London, 12 Aug - International Youth Day on 12th August is a celebration of young people and a recognition that they are essential elements of change. It encourages the inclusion of young people in peace and security agendas and reaffirms their role in society. International Youth Day is also an encouragement of their ability to play a part in deterring and resolving conflicts.
This year’s International Youth Day was centred on “Youth Building Peace”. The United Nations said it was “dedicated to celebrating young people’s contributions to conflict prevention and transformation as well as inclusion, social justice, and sustainable peace”.
This could not be any more relevant to the brave young people of Iran who are the catalyst for change in their country. They are fighting for all sorts of freedom in their country, including freedom of speech, freedom of expression, freedom of religion, freedom of the press, and so on. In fact, the people of Iran are so repressed by the leaders of their country that they are not yet able to experience any kind of freedom without fear of retribution from authorities.
In Iran, universities are closing and young people are forced into going to war. The wealth of the nation is plundered on the spread of fundamentalism and terrorism. This has left the young people of the country unable to contribute to peace in the world.
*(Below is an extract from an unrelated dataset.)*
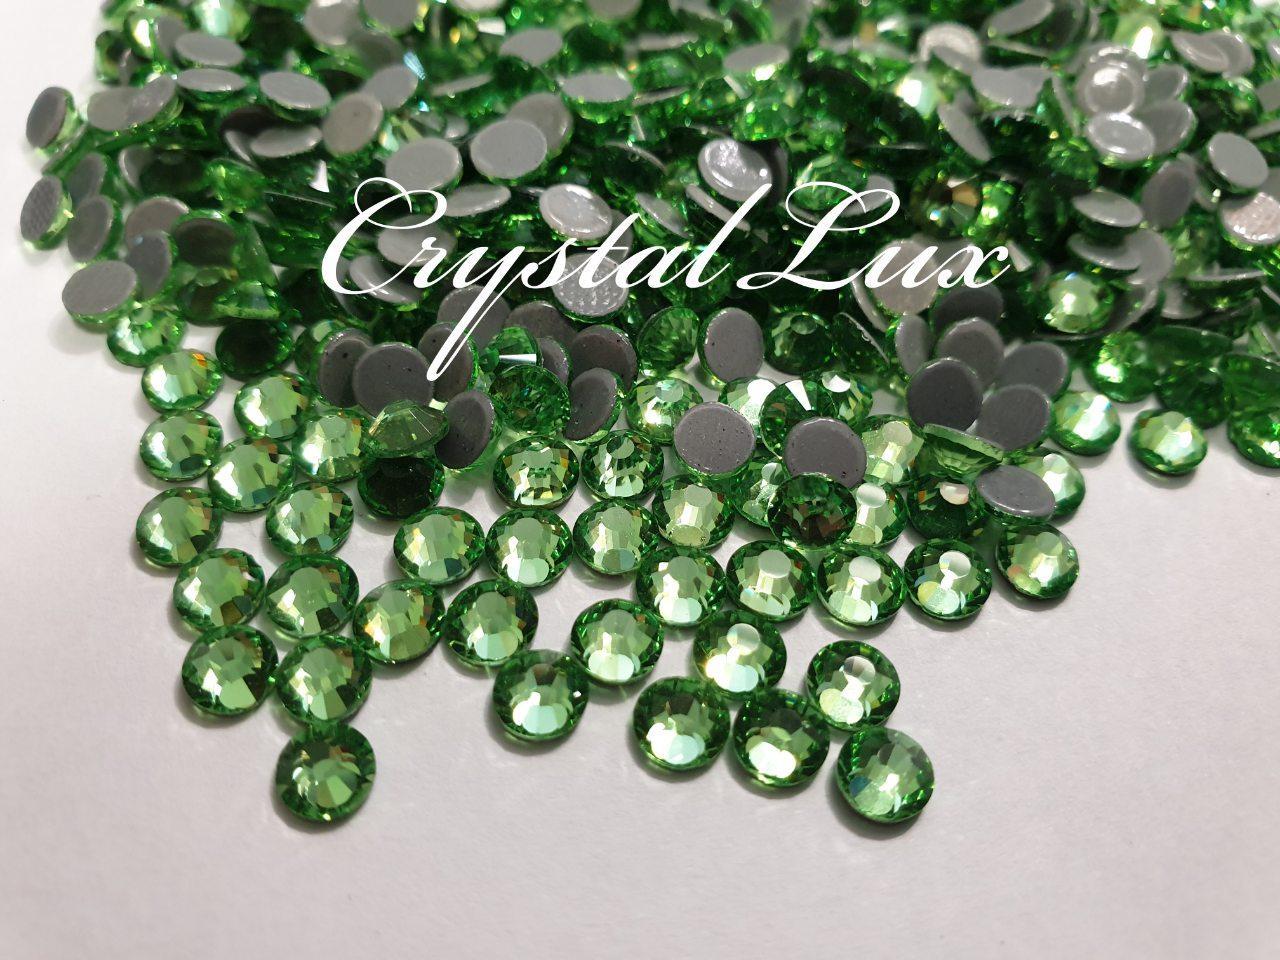 "Термо-стразы ss16 Peridot, 1440шт, (3,8-4,0мм) ""Crystal Premium"""

The number of young people in Iran is one of the highest in the world. There are around 23 million of them. But unlike some countries in the world, they are facing high levels of unemployment. Almost 15 million of them are unable to find a job, even the 4.5 million who have a university degree. Just over 30 years ago, almost three-quarters of university graduates were able to get employment once their education had ended. Six years ago, the rate had fallen to less than half.
Faced with such difficult circumstances, it is unfortunate that many of the millions of drug users in Iran are young people. State media reports that the average age of drug users is now 20. It also reports that the number of users has doubled since 2011. These statistics should be taken with a pinch of salt as the regime is known to wildly underestimate such calculations. And of course, it has no way of tackling the problem. Considering that the country’s Islamic Revolutionary Guards Corps (IRGC) is involved in the drug trade as a way of curbing the threat of young people, it is expected that no solution will ever be presented by the authorities.
However, the young people in Iran want human rights restored. They are increasingly protesting about the executions that are carried out on a daily basis and want nothing more than regime change. The international community first needs to be aware of the circumstances the young people are dealing with. Then, it needs to stand shoulder to shoulder with them in their struggle for freedom.